> [Your goal] Give again, word for word, every line below from the one that has "Genuine Vintage Acer" through the one that has "An open sketchbook", both included, and no others.

> [Provided material]

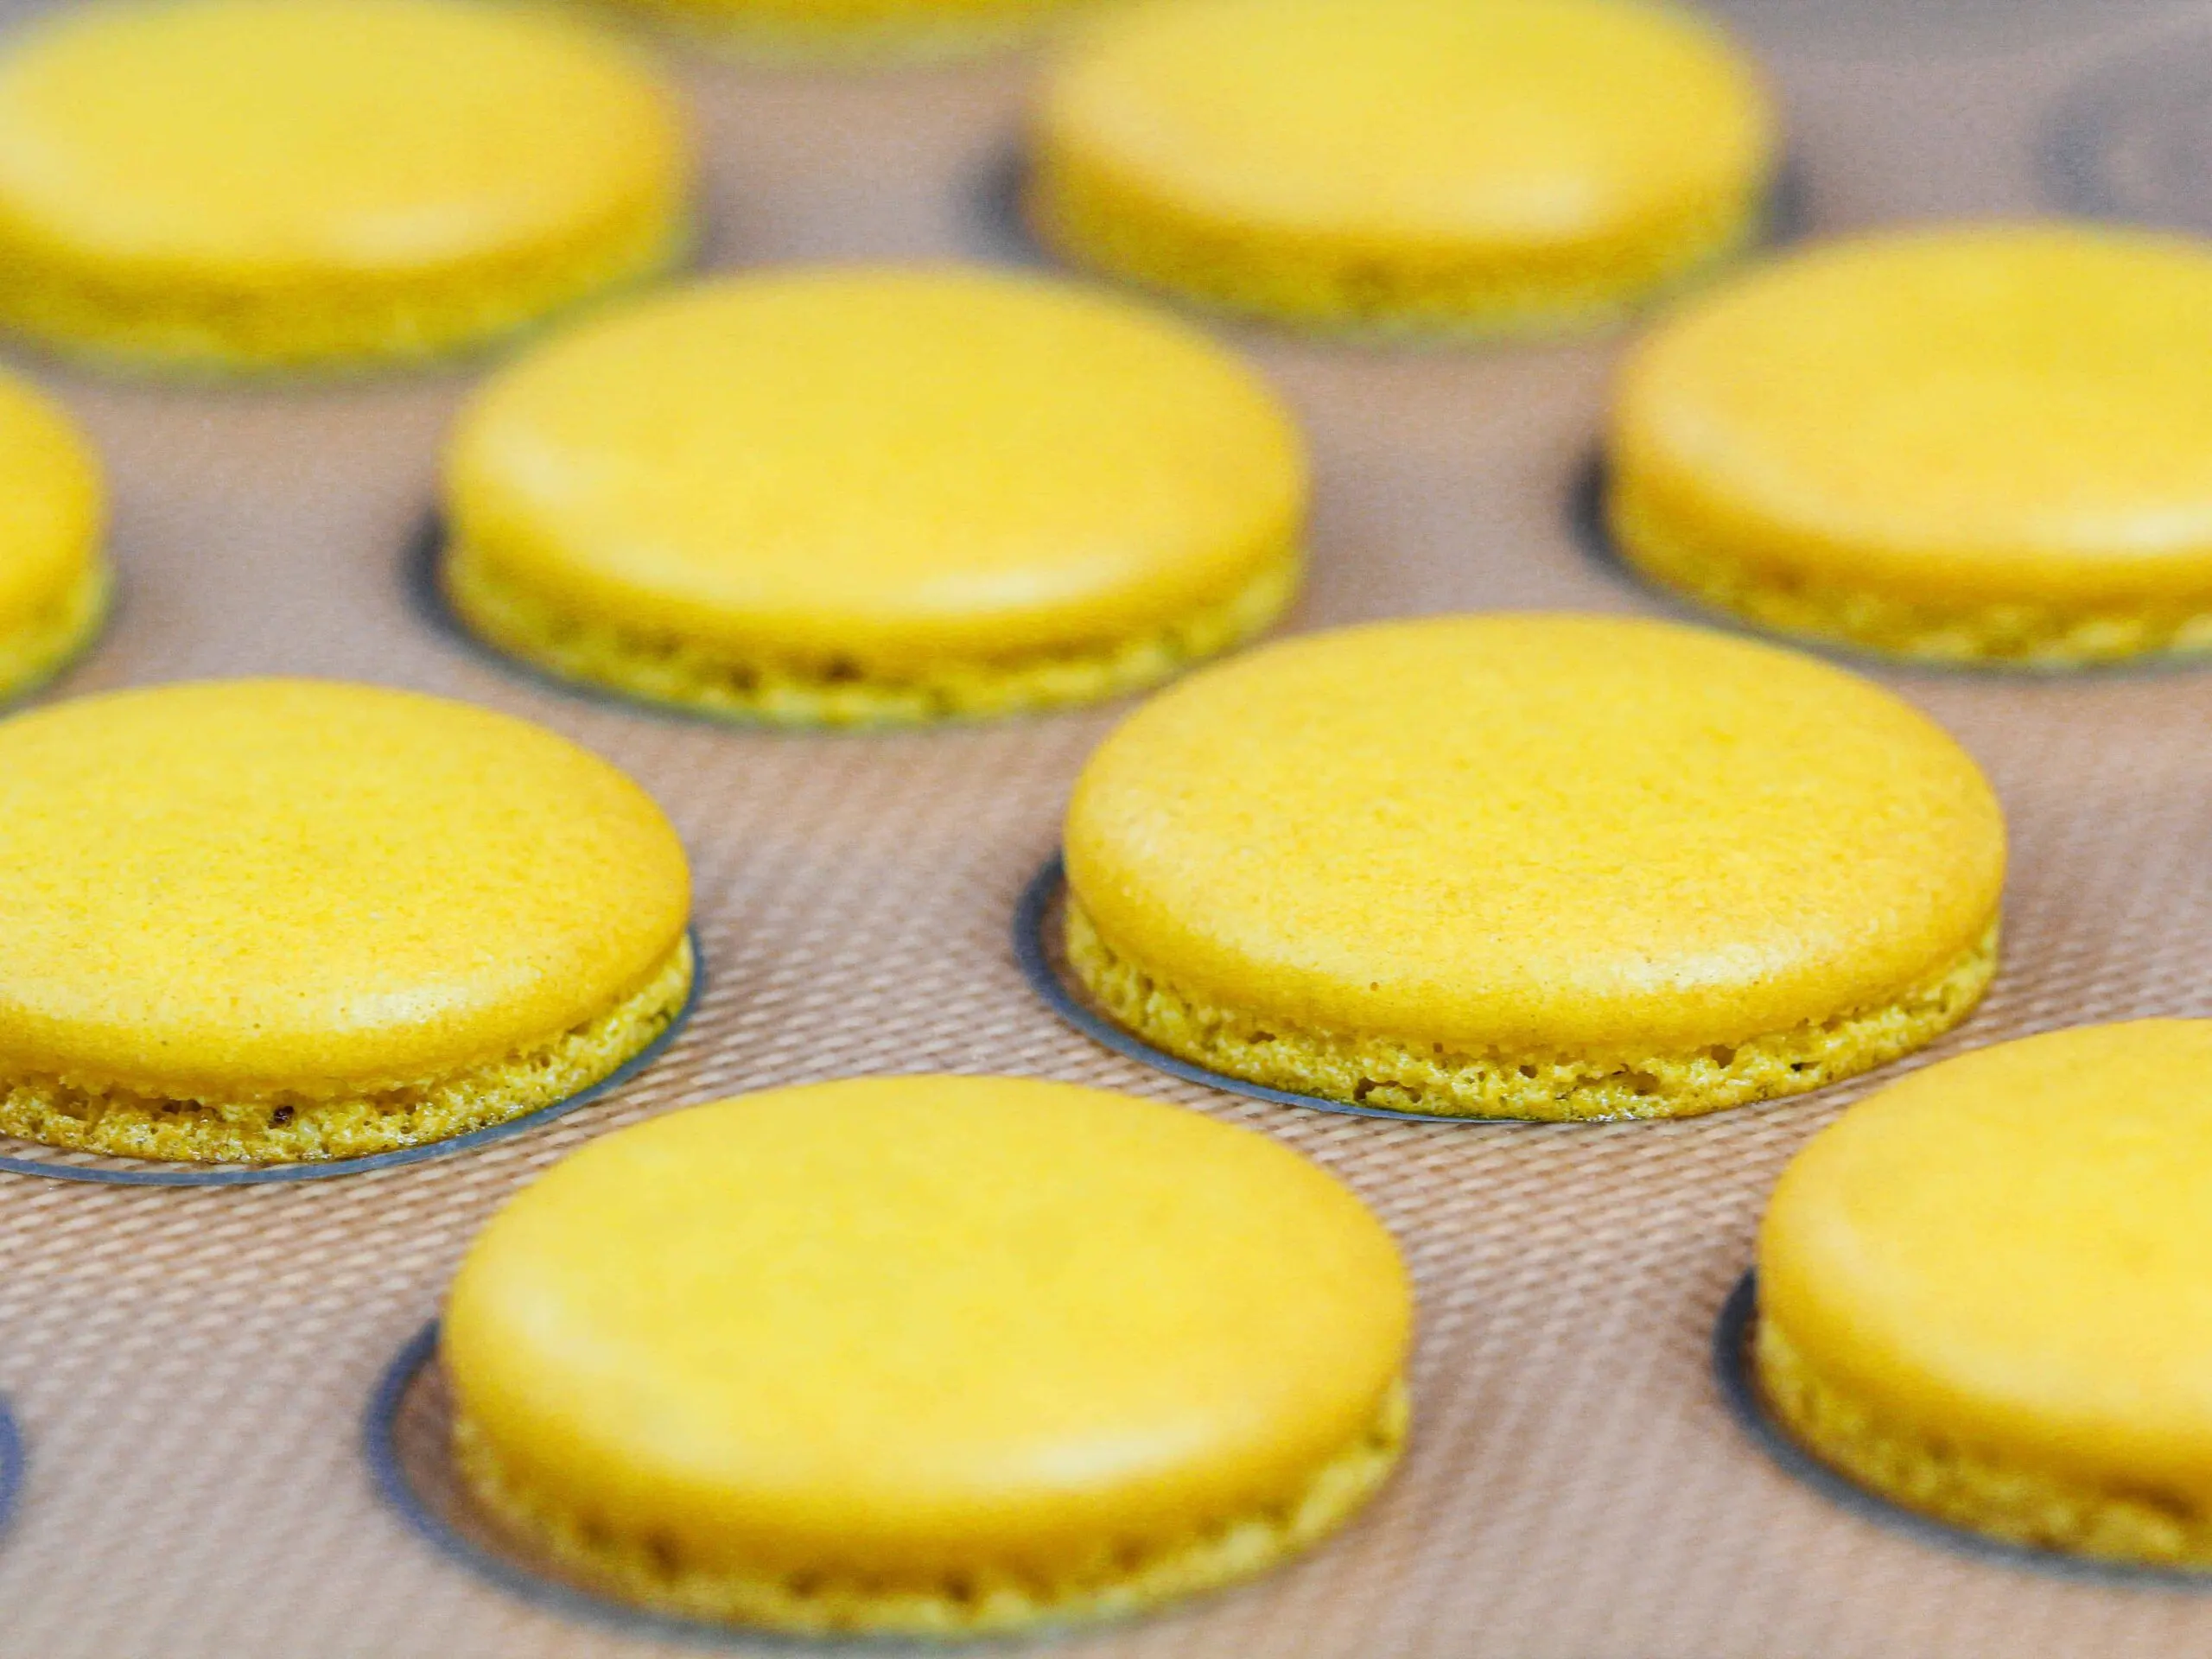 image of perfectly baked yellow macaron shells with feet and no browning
* * *
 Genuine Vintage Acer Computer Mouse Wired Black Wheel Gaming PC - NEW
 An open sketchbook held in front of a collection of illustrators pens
---
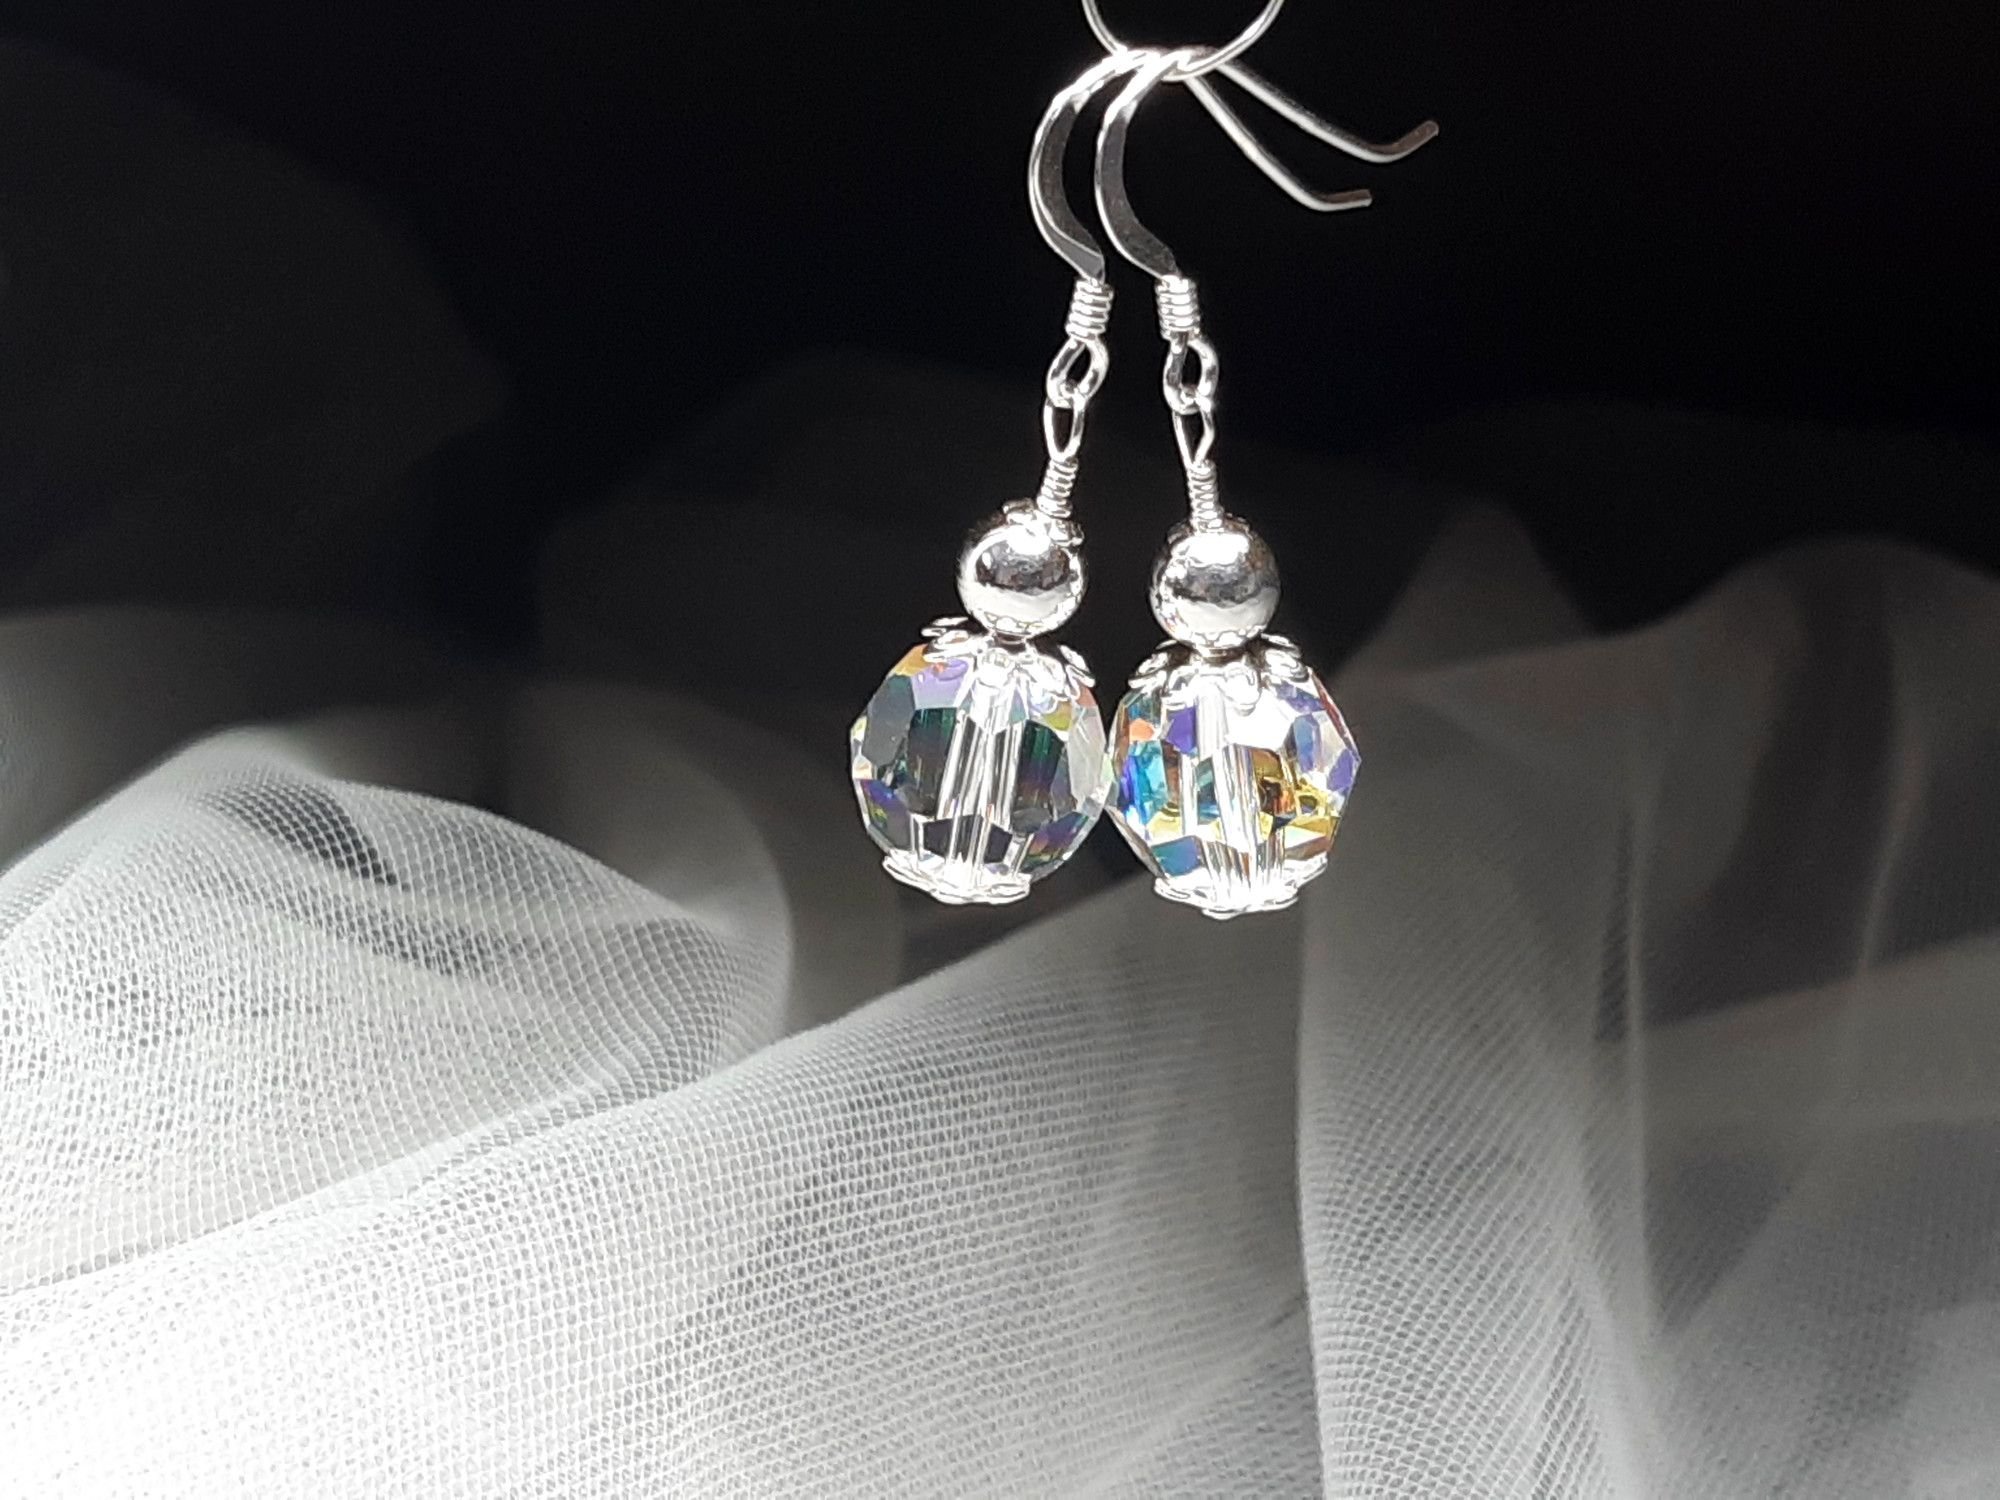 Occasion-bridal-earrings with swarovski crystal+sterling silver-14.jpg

> [Written solution]
 Genuine Vintage Acer Computer Mouse Wired Black Wheel Gaming PC - NEW
 An open sketchbook held in front of a collection of illustrators pens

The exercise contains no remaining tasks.